Print all of the data exactly, but drop the pictures.

:: Dataset content ::
════

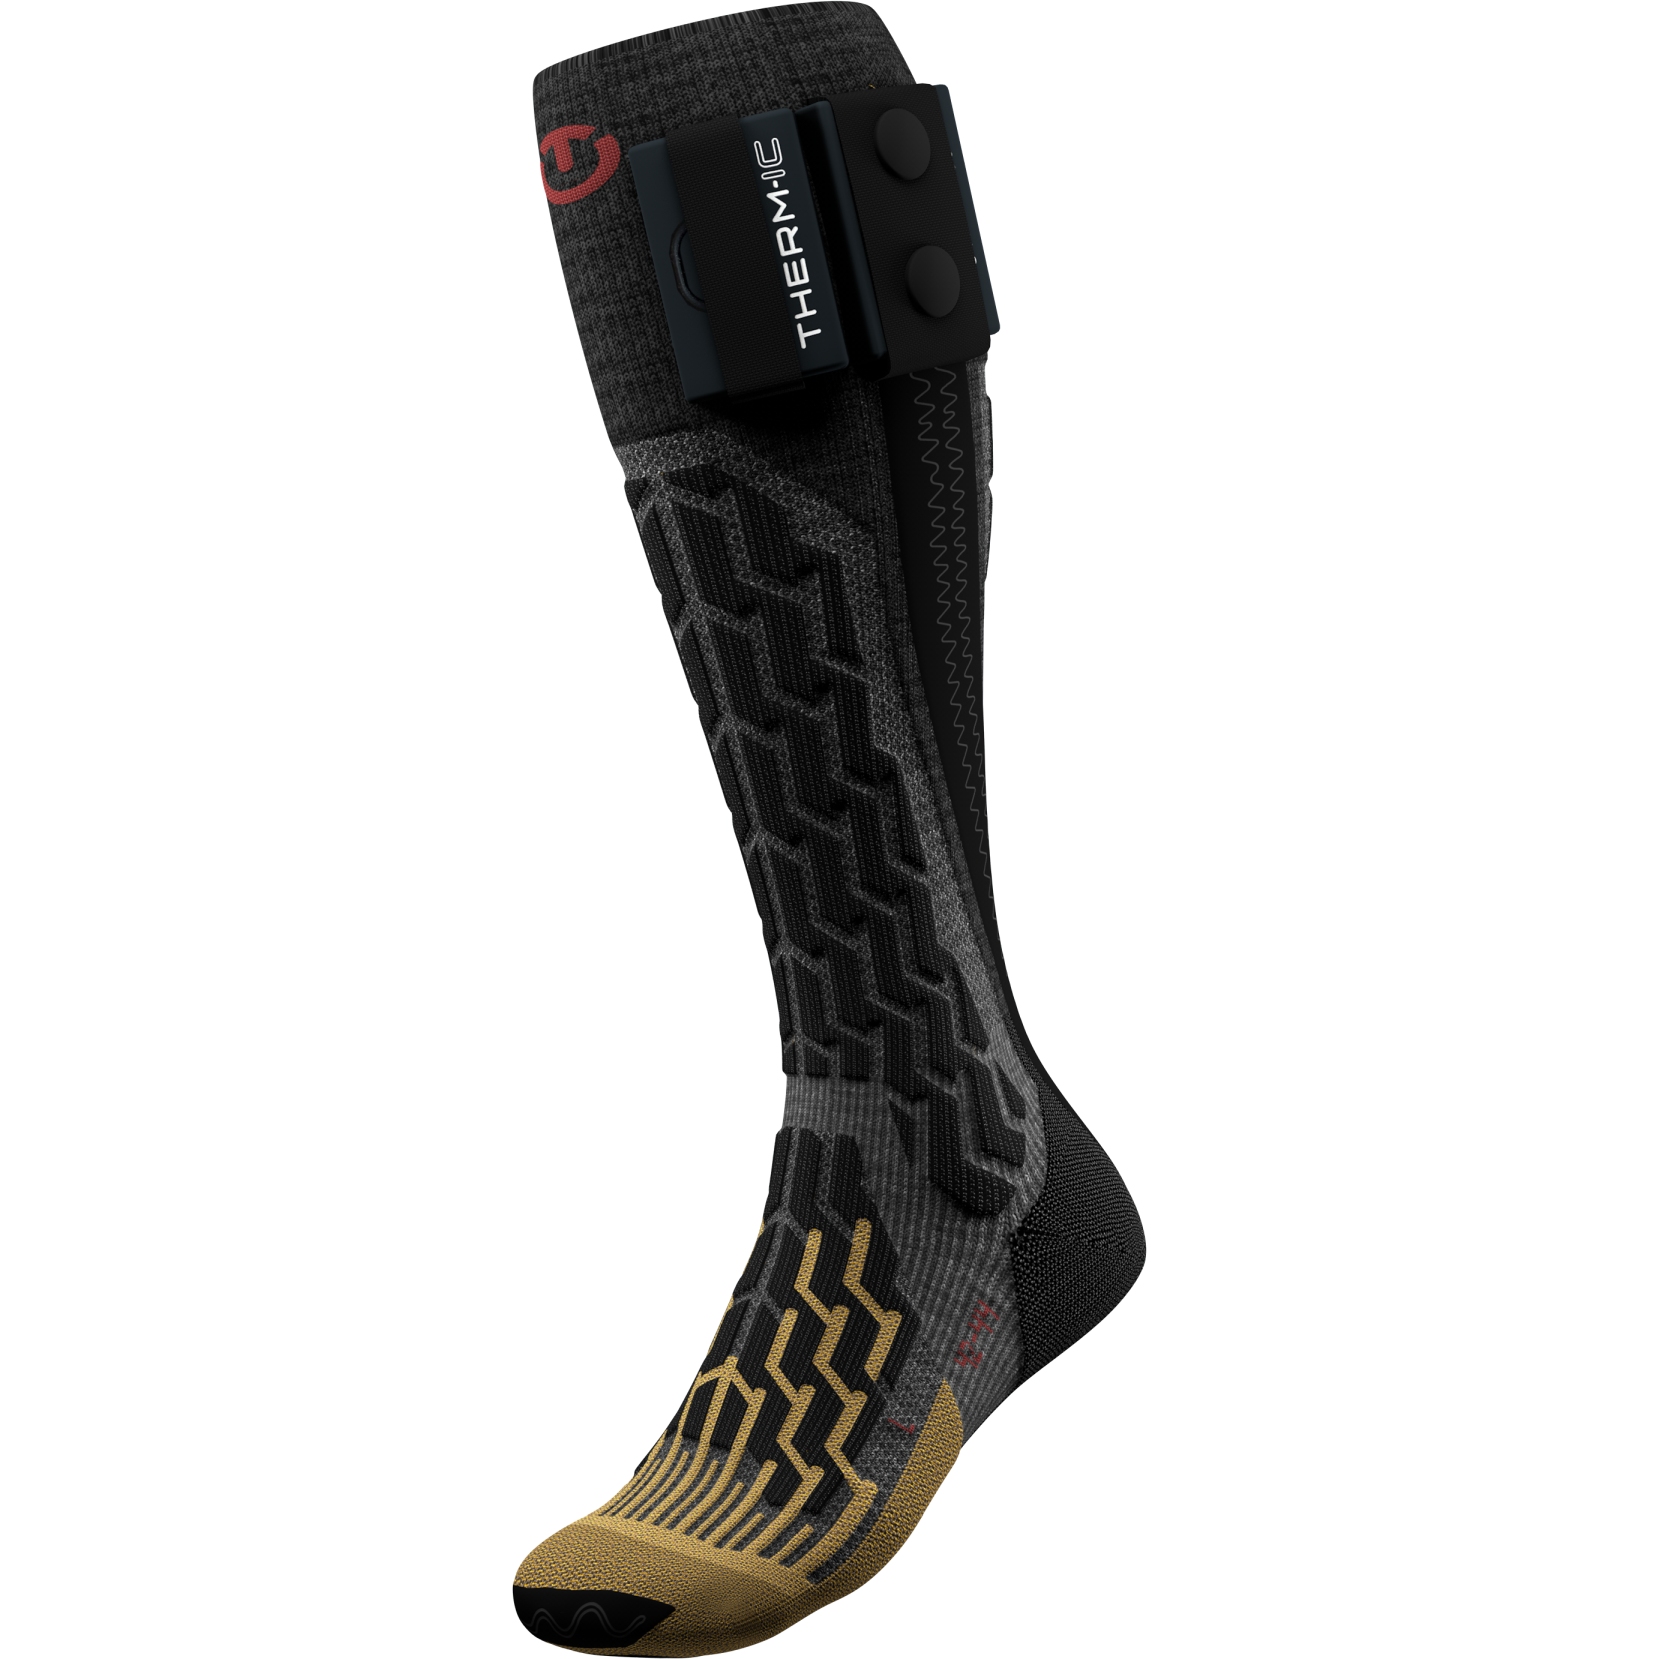 Bild von therm-ic Powersock Heat Fusion Beheizbare Socken - schwarz / gold
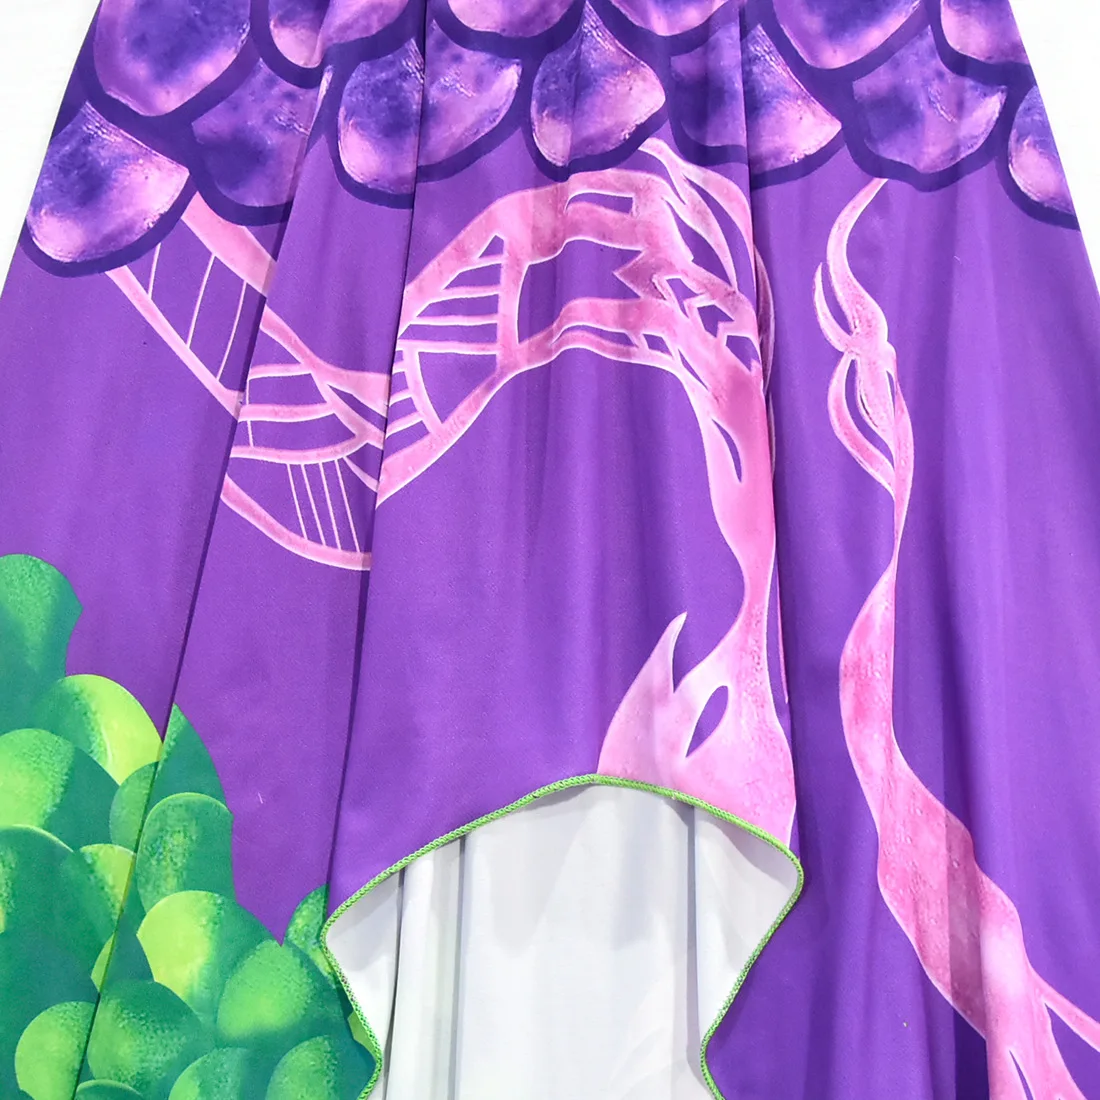 Фильм потомки 3 ТЗА костюм для косплея фиолетового цвета юбка платье костюм на Хэллоуин платье принцессы
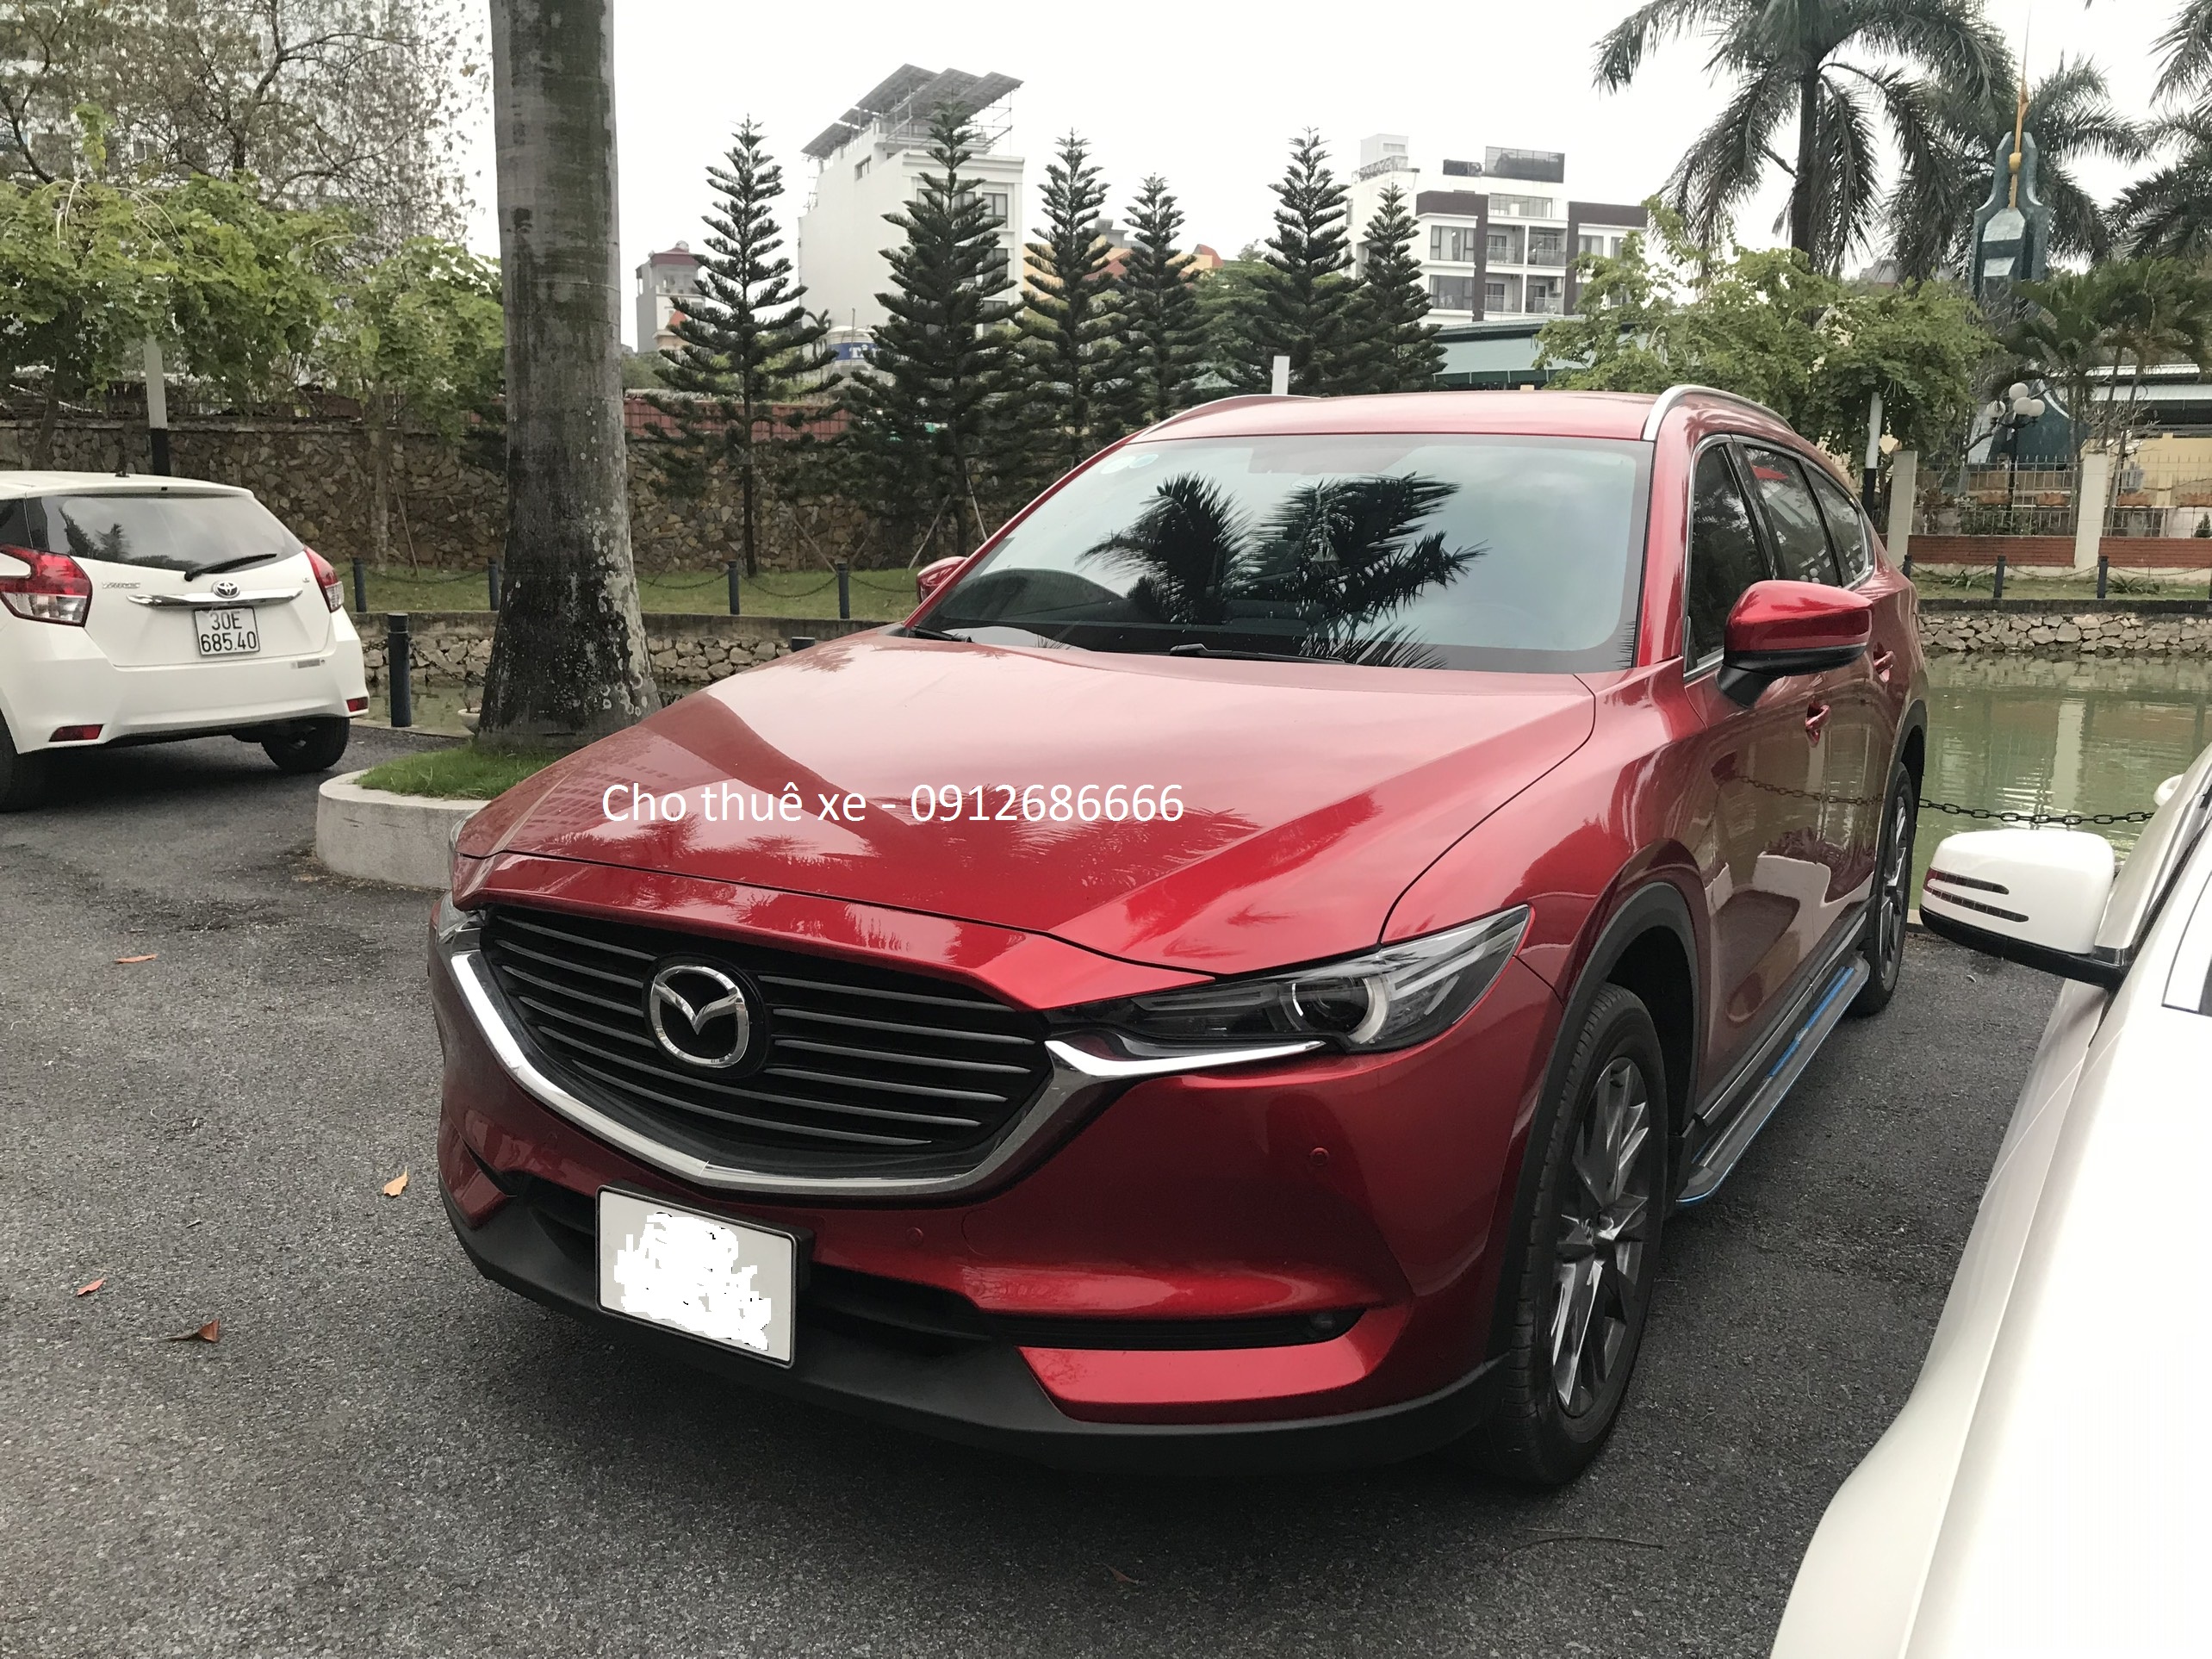 Cho thuê xe Mazda 3 đời 2016 theo tháng, bao xăng và tài xế - Xe - bán tại  Hiền - cho thuê xe 4 chỗ, cho thuê ôtô giá rẻ, cho

════

:: Answer below ::
 Bild von therm-ic Powersock Heat Fusion Beheizbare Socken - schwarz / gold
 Фильм потомки 3 ТЗА костюм для косплея фиолетового цвета юбка платье костюм на Хэллоуин платье принцессы
 Cho thuê xe Mazda 3 đời 2016 theo tháng, bao xăng và tài xế - Xe - bán tại  Hiền - cho thuê xe 4 chỗ, cho thuê ôtô giá rẻ, cho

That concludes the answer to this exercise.